What Is Rescuer Mentality?
Rescuer mentality is compulsive, and it wants to jump in and fix and save the day. All of that “captain save a hoe” energy is rescuer mentality all day. it happens consciously and subconsciously, and it’s intertwined with codependency.
Rescuers are driven by the desire to be needed. You’re driven by the fear that if you’re not constantly rescuing, you’re not contributing, needed, or valuable in the world, and it becomes your identity. Your self-worth becomes based on your ability to help others versus knowing that you simply are worthy, regardless of what you do or what you produce.
Signs of Rescuer Mentality
Let’s go straight to the signs and symptoms and just create a trigger fest. You date or marry people you want to fix and save.You feel the need to fix and save your parents.You’ve been a rescuer from an early age. You feel responsible for people’s happiness. You insist on helping people even when it’s not needed. You neglect your own needs and always think of others first. You hope you will be recognized and admired for your rescuing skills. You experience a lot of feelings of frustration and resentment. You are often drained and exhausted from doing things for other people. You feel extremely guilty when you can’t be there for someone. You think you know best about what works for others. You want other people to need you so you feel worthy. That is 100% rescuer mentality.
The Dangers of Rescuer Mentality
When we play the rescuer, or we asked to be rescued, all we’re doing is perpetuating dysfunctional relationships. When we continue to play the rescuer, we lose our identity because we’re taking the focus off of ourselves. This is the danger of you playing the rescuer. And when you lose your identity, you know what happens? You get anxious. It deteriorates your health because your cup is drying out.
Here’s another sneaky danger in all of this. When you are playing the rescuer, you’re actually projecting that the recipient is weak, damaging the relationship. Being a rescuer sets progress back for everyone in any situation. Setting boundaries and practicing radical responsibility is the most compassionate thing you can do at the end of the day.
What Causes Rescuer Mentality?
What is underlying the rescuer mentality? Why do we do this in the first place? Abandonment. Anything that feels like where you’ve just been left out in the ocean, that’s where it starts. So then what do you do? You don’t take care of yourself.
Instead, you focus on taking care of everyone else—fear of outbursts, bullying, rejection, and persecution. You always stay two steps ahead of being rejected by always being the useful and helpful one. Growing up, being around people who are victims, growing up or being around persecutors.

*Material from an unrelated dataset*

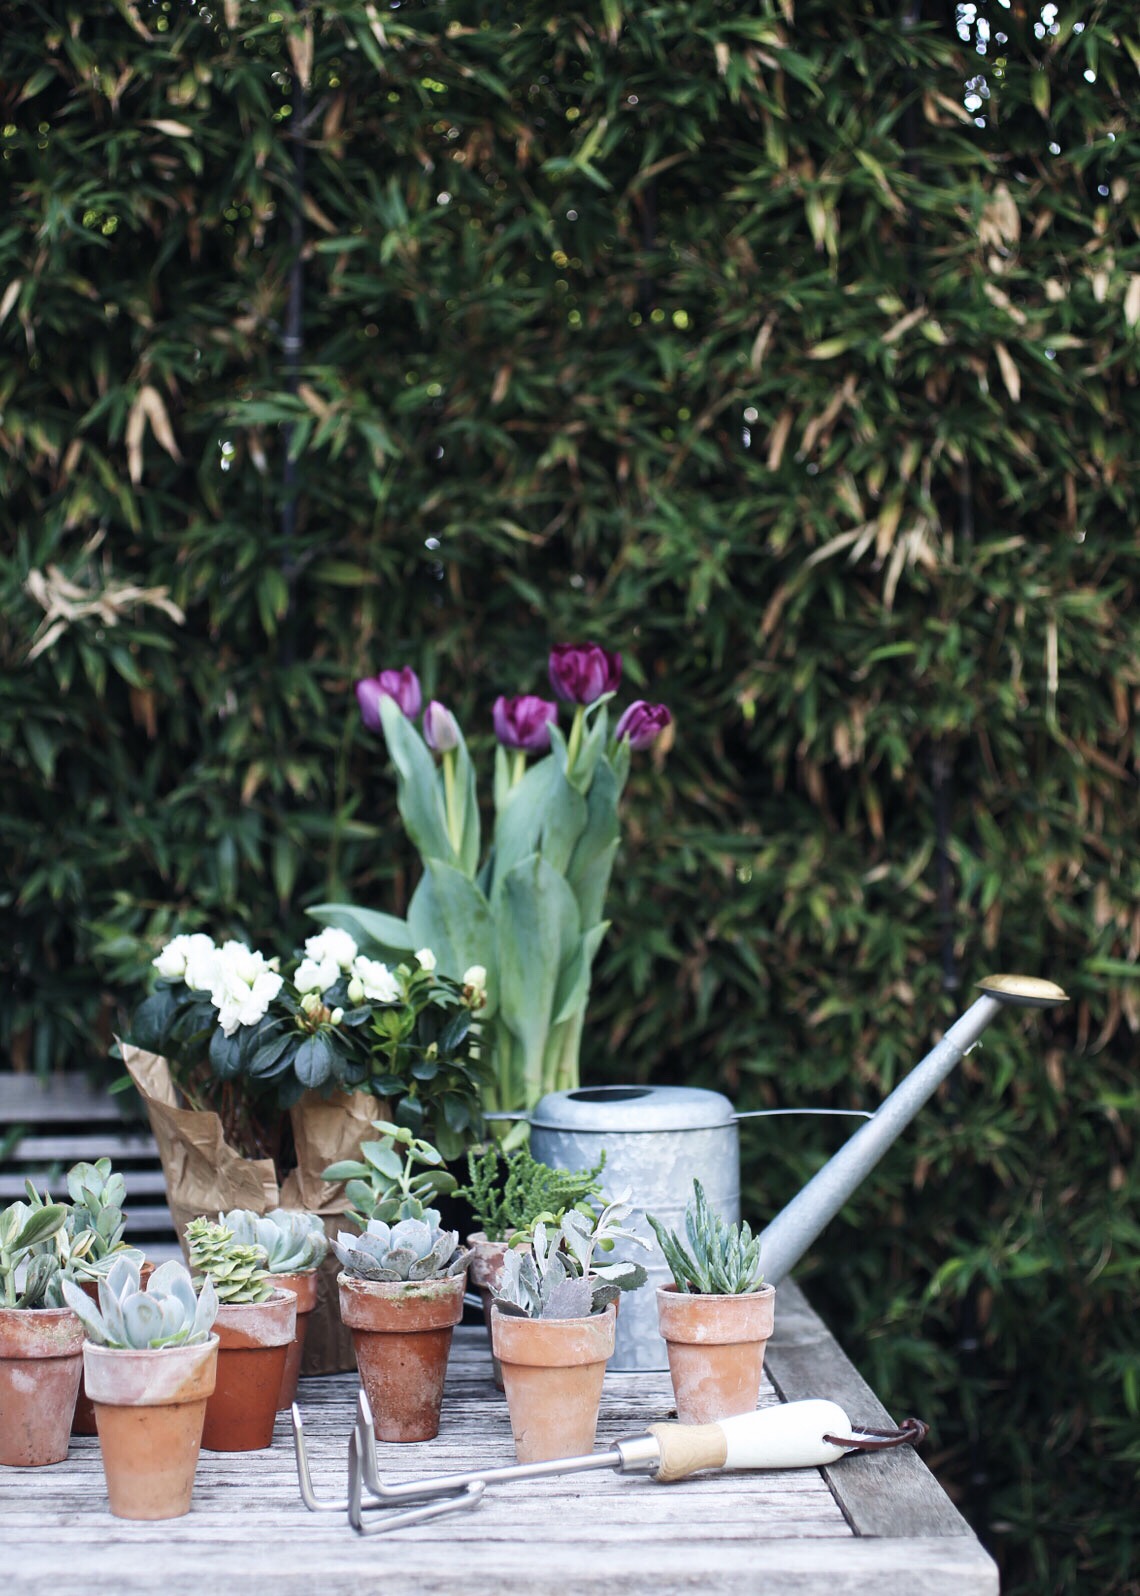 spring cleaning + planting via @citysage

And here’s another sneaky one. You don’t have to focus on yourself if you’re always focused on others. Everybody else tells you their problems, so you don’t have to even think about or consider or look at your problems. As a matter of fact, you get to kind of stay up on a pedestal in some ways.
Your anxiety, low self-esteem, low self-confidence, low self-worth, and low self-love causes you to become a rescuer. So, ultimately, it’s just another form of projecting your own shit. That’s it.
How To Overcome Rescuer Mentality
How do you step out of the triangle? Stepping out of the triangle means that you’re not playing these roles. So first things first, you gotta get in your body regularly and become sensitive to sensation. For you to be aware of your own impulsivity because remember being a rescuer is compulsive. In order for you to get sensitive to that sensation, you gotta consciously get in your body.
You must remove your projections, stories, and limiting beliefs. So once again, that means that this is your shit. You got to recognize your triggers, zoom out and look at the truth of what the situation is. Get super proficient at taking care of your needs first. And to get proficient, you have to know what your needs are too. You have to be able to name them, you have to be able to claim them.
You have to be able to communicate them. You have to purposely design a healthy body, mind, and life with intention. When you do that, you will naturally repel toxic situations and people and naturally attract more abundance and love.